Ah, d’ailleurs je suis super contente pour Elsa et toi. T’as l’air de faire de bons week-ends!

Réaction pouce en l’air, pas plus de commentaires. C’était peut-être un peu passif-agressif de ma part, mais bon, je suis vraiment contente pour lui. Je suis juste un peu vexée d’avoir été prise pour un jambon, même si tout est bon dans le cochon.

Avec Kai, on a prévu une rando sous psychédéliques le week-end prochain. C’est la première fois que je prendrai un hallucinogène, pour de vrai. La microdose du festival de Reggae-dub, ça comptait pas vraiment. 

On met le carton sur notre langue et on attend un peu. Les effets commencent à se faire sentir, on se sent très high mais sans aucun effet visuel. On se promène, on suit le chemin de rando, on fait une pause. Tout a l’air incroyable, je me sens beaucoup plus connectée à l’environnement qui m’entoure. J’ai envie de toucher les arbres, les cailloux. Les branches forment des arches au-dessus de ma tête. Les toiles d’araignées miroitent au soleil.

On arrive au bout du chemin, dans un vieux château. Ça fait trois heures et demie qu’on est partis, on vient de finir de parcourir 3 km, et on a toujours pas croisé une seule personne. Les effets s’estompent et on passe un petit moment dans le château, à jouer avec un ballon de volley et observer le paysage. Pour faire les 3 km du retour, on aura mis 45 minutes.

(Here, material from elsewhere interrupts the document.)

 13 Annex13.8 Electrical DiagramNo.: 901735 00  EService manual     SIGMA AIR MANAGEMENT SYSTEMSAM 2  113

Je sors assez contente de cette expérience, parce que les effets n’étaient pas trop forts et ça n’a pas duré trop longtemps - parfait pour une première fois. Je commence à bien apprécier Kai, on passe de super moments ensemble et on rigole beaucoup. Pourtant, le fait que notre relation soit non exclusive me donne la certitude que je ne pourrais jamais être en couple avec lui. Pour moi, si jamais je décide de me mettre en couple à nouveau, je voudrais probablement une relation monogame.

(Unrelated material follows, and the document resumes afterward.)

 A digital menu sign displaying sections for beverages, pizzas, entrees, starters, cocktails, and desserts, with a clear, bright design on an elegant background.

Mais pour l’instant, pas besoin de me poser tant de questions. Je suis contente avec notre relation, sans label ni engagement, et c’est tout ce qui compte. J’ai aussi acheté un peu de weed à Julia, et je fume avec Kai quand il vient. Ça me fait un peu tousser à chaque fois, c’est le début.

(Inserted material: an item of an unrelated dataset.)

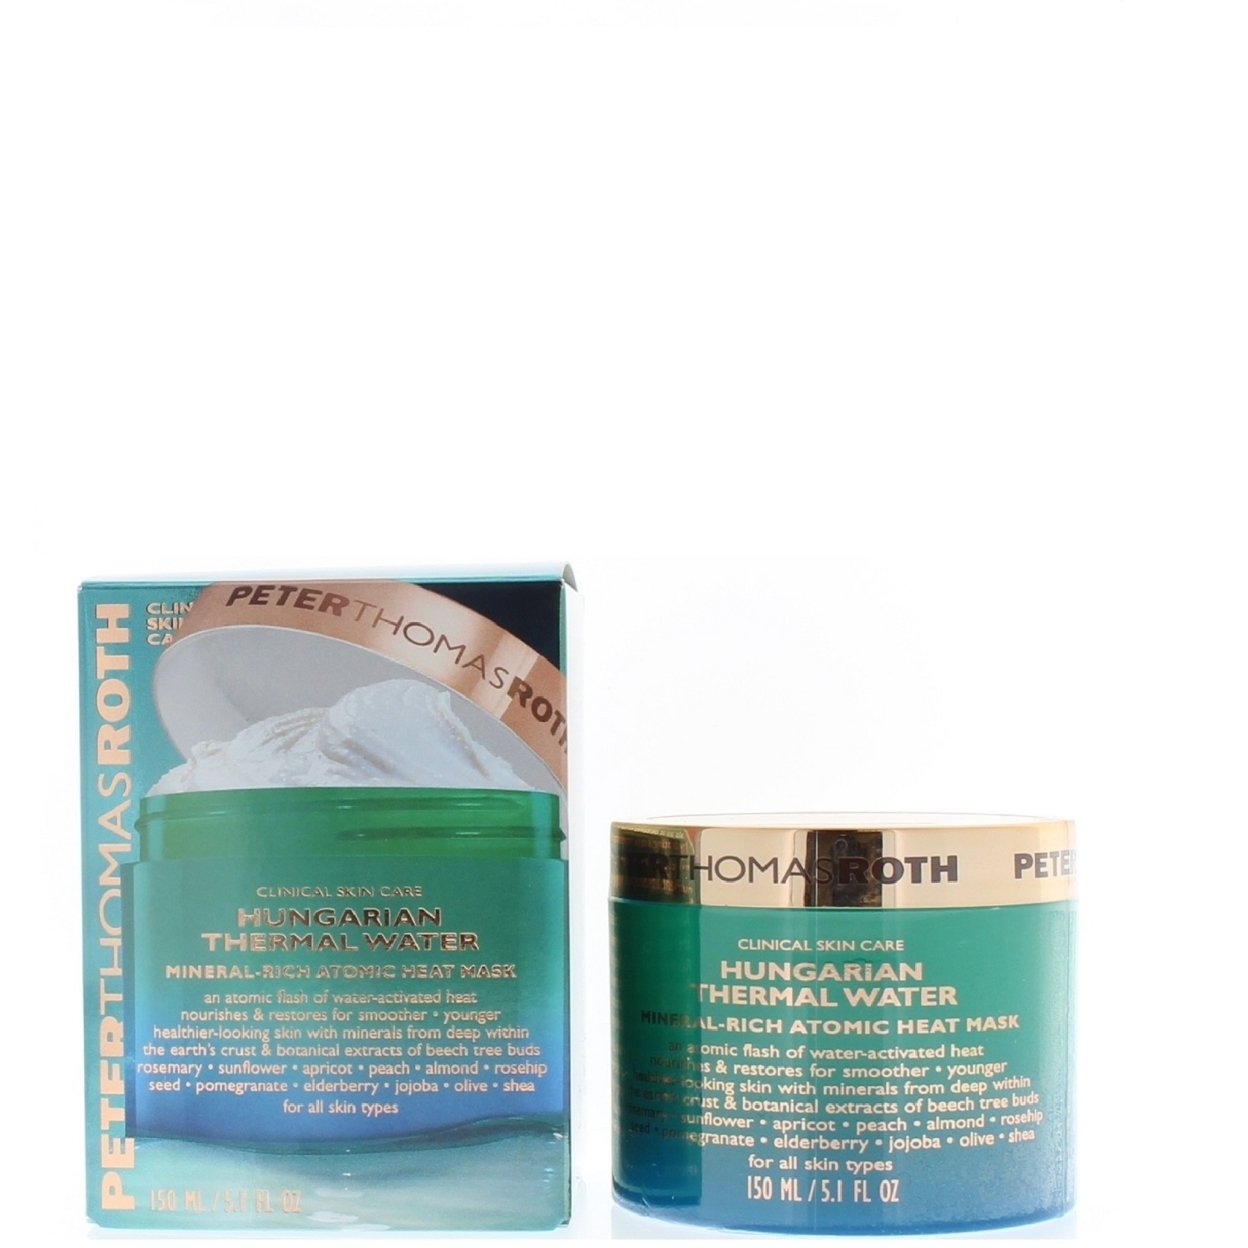 Peter Thomas Roth Hungarian Thermal Water Mineral Rich Atomic Heat Mask 5.1 oz - image 1 of 8

La semaine suivante, je me prends la tête avec la femme de mon chef au travail. Je rentre chez Alan, ce soir. Il me raconte qu’il pense quitter son travail, il est dans la même entreprise depuis deux ans déjà et il est peut-être temps de changer. Il est content, certes, mais il a envie de voir autre chose.

Ça fait presque quatre ans que je travaille pour la même boîte. Ce que je fais est super intéressant, certes, mais est-ce que ça vaut vraiment le coup de me faire autant de soucis pour ça? Mon chef avait refusé mon congé sabbatique, il n’a même pas commencé à chercher quelqu’un pour renforcer notre équipe alors que mon premier mois de congé débute dans trois mois. Le connaissant, il fait beaucoup de promesses dans le vent, alors ce n’est pas impossible qu’il change d’avis sur le fait que je puisse partir. Je ne trouve plus d'équilibre vie pro/vie perso.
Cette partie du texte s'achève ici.